Lucy went upstairs to the bedroom, still burning with her insensitivity to Gary. The room, in quiet need of fresh wallpaper, no longer theirs, now hers, still housed the wardrobe where Gary’s work suits hung limply. Unworn for three years and now too big.
She knew she would one day be folding them into black plastic sacks, ready for charity or bin. But not yet, not yet.
She laid out on the bed her evening outfits: a little black number, a dowdy trouser suit, and a silk dress she’d bought on impulse years ago in a designer sale.
Quickly she undressed and looked at herself. Her body was one you’d see in any shop changing room. Politely called pear-shaped. The Great British Figure. It was, in fact, badly proportioned, with a long body and short legs. The bottom heavier than the top. Lucy was resigned to what she saw: mumsy, well-upholstered, nothing special. A practical model, built for comfort rather than speed or luxury.

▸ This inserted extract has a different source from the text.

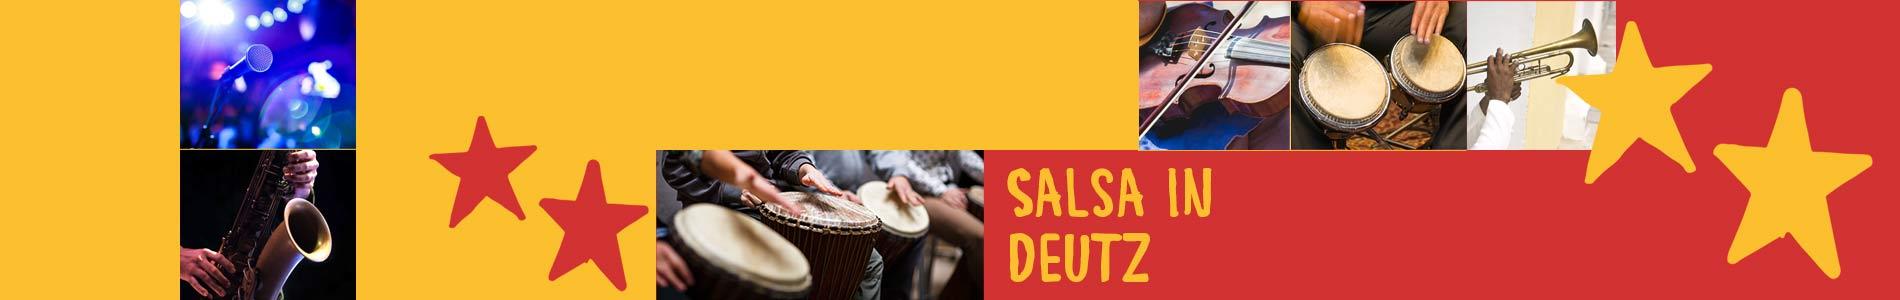 Salsa in Deutz – Salsa lernen und tanzen, Tanzkurse, Partys, Veranstaltungen

She thought of Jenni with her corvette lines and felt ugly, ungainly. Her excitement at going out, being close to Tom, dressing up, withered in the fierceness of reality.
She picked up the little black number and stepped into it. She couldn’t pull it up past her thighs. She didn’t bother to re-hang it in the wardrobe, just put it in the waste bin by the bed. The trouser suit had that sad look of clothes bought in charity shops. She sat holding the silk dress for several minutes before she tried it on, unwilling to see herself again so plain and unattractive.